In this lecture, on the example of Yandex, the basic components necessary for organizing an Internet search engine will be considered. We will talk about how these components interact and what features they have. You will also learn what document ranking is and how search quality is measured.
The lecture is designed for high school students - students of the Small ShAD, but adults can learn from it a lot about the search engine device.
')
The first component of our search engine is Spider. He walks on the Internet and tries to download as much information as possible. The robot processes documents in such a way that it is easier to search by them. It is not very convenient to search for simple html files. They are very big, there is a lot of excess. The robot cuts off all unnecessary and makes it convenient to search through documents. Well, directly search, which receives requests and gives answers.

Spider
How to understand how well Spider works? First metric - what percentage of sites we saw. The second metric is how quickly we can notice changes.
Runet:
- Rocking servers: 300;
- Load: 20,000 documents per second;
- Traffic: 400 MB / s (3200 Mbit / s).
Together:
- Rocking servers: 700;
- Load: 35,000 documents per second;
- Traffic: 700 MB / s (5600 Mbit / s).
If the entire Spider starts downloading one site with all its servers, you will get a fairly powerful DDoS attack. To prevent such situations, the Zora component is provided. He coordinates downloads, knows which sites have been cached recently, and which ones should be spent in the near future.

The spider should be able to look at the page from different points to make sure that, for example, from Russia and from the USA the pages look the same. If there are different pages for different regions, he should take into account and process this information.
Robot
Spider-downloaded pages go to a robot that processes them and makes them searchable. First of all, the entire html markup is deleted, important sections are determined.
Robot consists of three components. First, it is MapReduce distributed computing system, which allows you to calculate the properties for each document that Spider has downloaded. The second component is a cluster of servers that build a search index. Well, the third component is an archive containing several versions of the search base.
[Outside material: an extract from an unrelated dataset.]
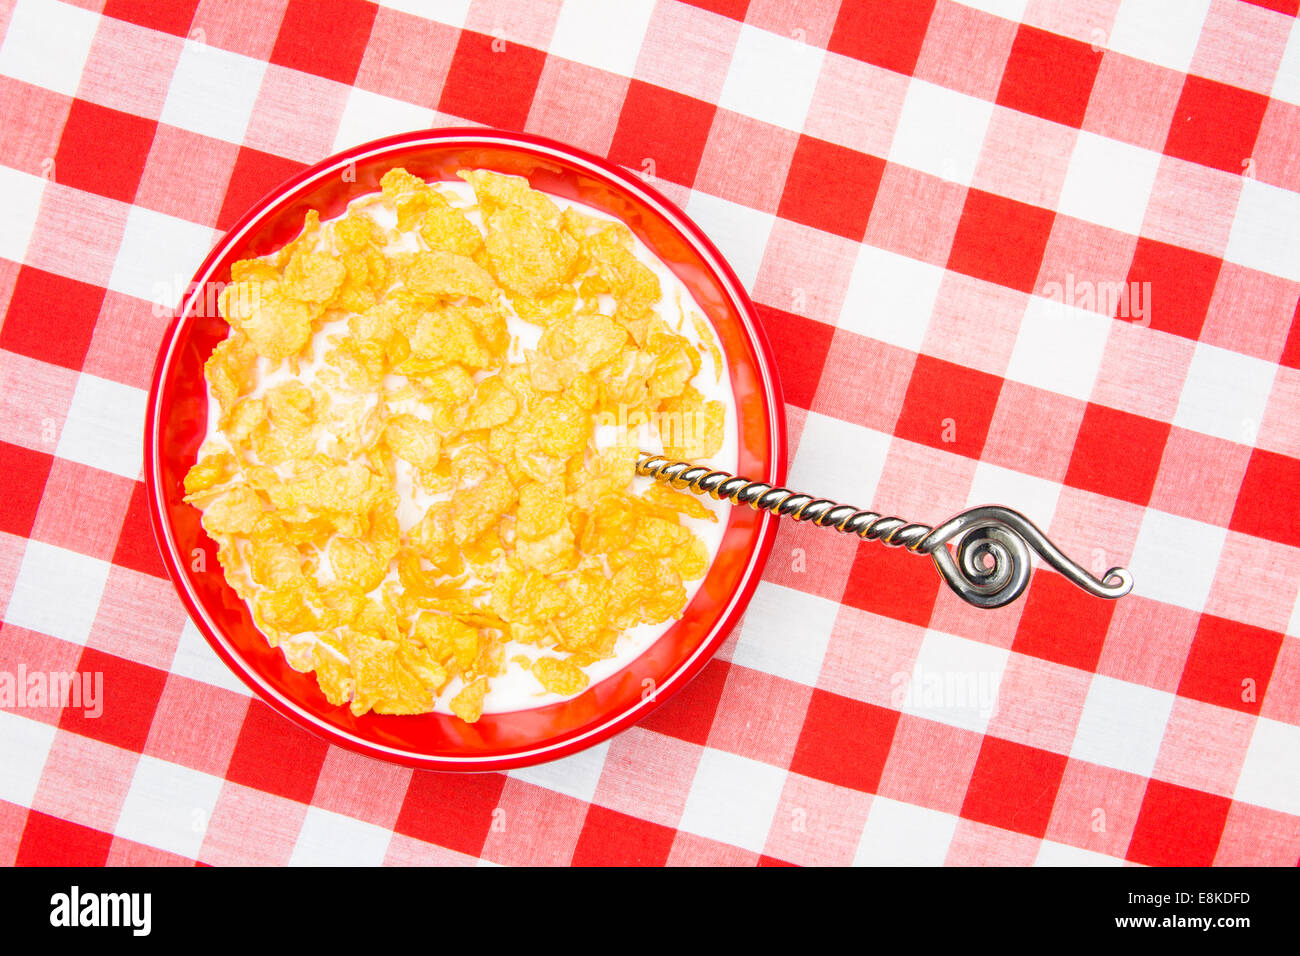 A red bowl of cornflakes and milk on a classic, red, checkered tablecloth ready as a breakfast meal. Stock Photo
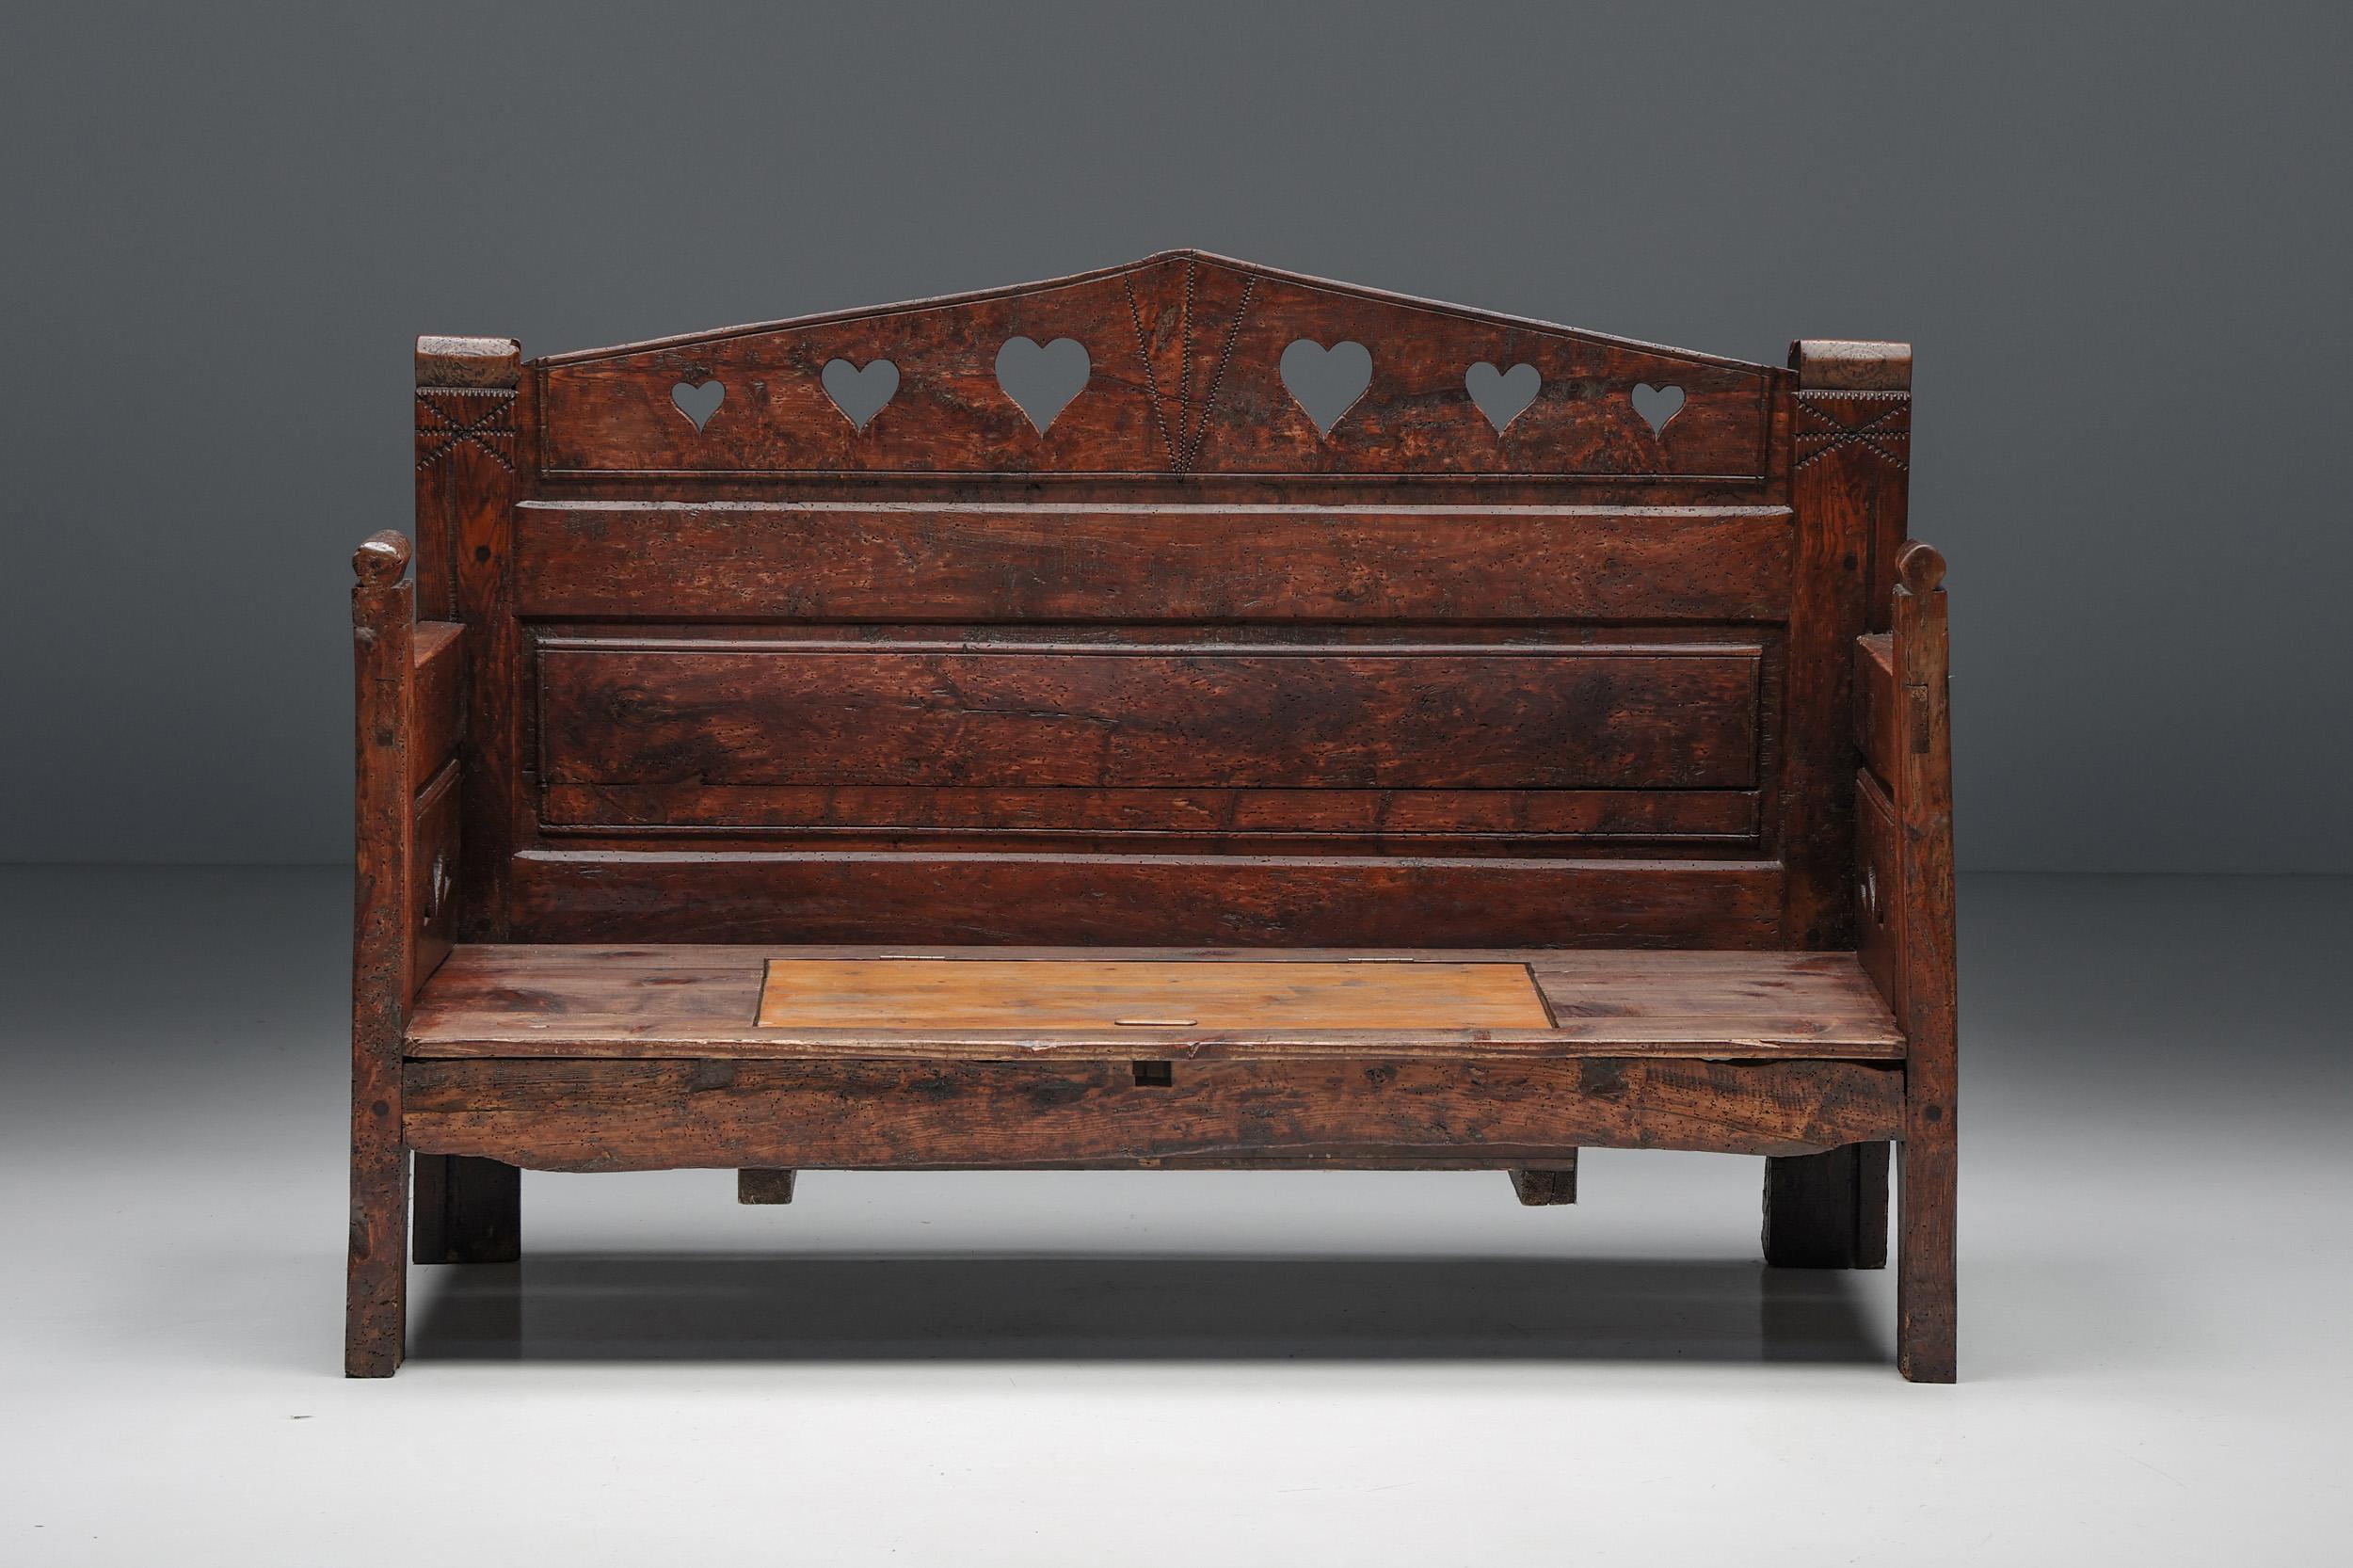 Rustic Carved Bench in Solid Wood with Storing Space, France, 19th Century For Sale

We mentioned document properties. What do we mean by this concept? Suppose we downloaded an html file, and we need to collect as much data as possible about its content. MapReduce carries out calculations and puts labels on the document, which will later be used as ranking factors: document language, subject matter, commercial orientation, etc.
Factors are of two types: fast and slow. Slow factors are counted only once and are assigned exclusively to the document. Quick are calculated for the document along with the search query.
Even if you do not take into account the MapReduce server (they can be used for other tasks), the Robot represents more than two thousand servers.
Russian base:
- Factor Cluster: 650;
- Cooking search database: 169;
- Test servers: 878;
- Archive: 172.
World Base:
- Factor Cluster: 301;
- Cooking search database: 120;
- Test servers: ???;
- Archive: 60.
The database contains about 25 billion documents (214 TB), twice a week it is completely recalculated.
Search index device
Suppose we have three very simple documents containing short texts:
- Mom washed the frame
- Rama in Moscow buy
- Moscow for moms
It’s ineffective to look through all these documents every time a request comes in searching for the words it contains. Therefore, an inverted index is created: we write out all the words from the three documents (excluding word forms) and indicate where they occur.
Mom (1, 3)
Wash (1)
Frame (1, 2)
Moscow (2, 3)
Buy (2)
AT 2)
For (3)
Now if we receive a search query [mother], we will already have a ready answer. It will be enough for us to glance once in the table to find out in which documents this word is found. If the request contains more than one word (for example, [Mama Moscow]), in the same table the Robot will be able to find documents in which both of these words appear. In our case, this is the third document.
As we have said, the size of our real search index is 214 TB. For Search to work with sufficient speed and efficiency, all this data must be stored in RAM. Now we have servers in which from 24 to 128 GB of memory are installed. To optimize, we divide the search base into ranges (from the English. Tier - level). With their help, we divide documents by language and other features. Therefore, when we receive a request in Russian, we are able to conduct a search only on the relevant documents. We have a total of over ten such galleries. Tyra are divided into shards of 32 gigabytes: the amount of data that can be stored in the memory of a physical machine. Now we have about 6,700 shards.
Work with query
The search flow to Yandex can reach 36,000 hits per second. Just getting such traffic is a serious task. To solve it there are several levels of balancing. DNS is used as the first level. L3 balancer is responsible for distributing packets, and http balancer is responsible for processing their contents. First of all, requests from robots are cut off. Then corrected typos and analysis of the request. The result is a "query tree" containing the possible spellings of the query and the likely meanings. After all this processing, the request is sent to the frontend, and the search begins directly. In addition to the main search in all the documents contained in the database, there are many more small searches with certain parameters. For example, by pictures, video, poster, etc. If these searches give relevant results, they will be mixed into the main search results.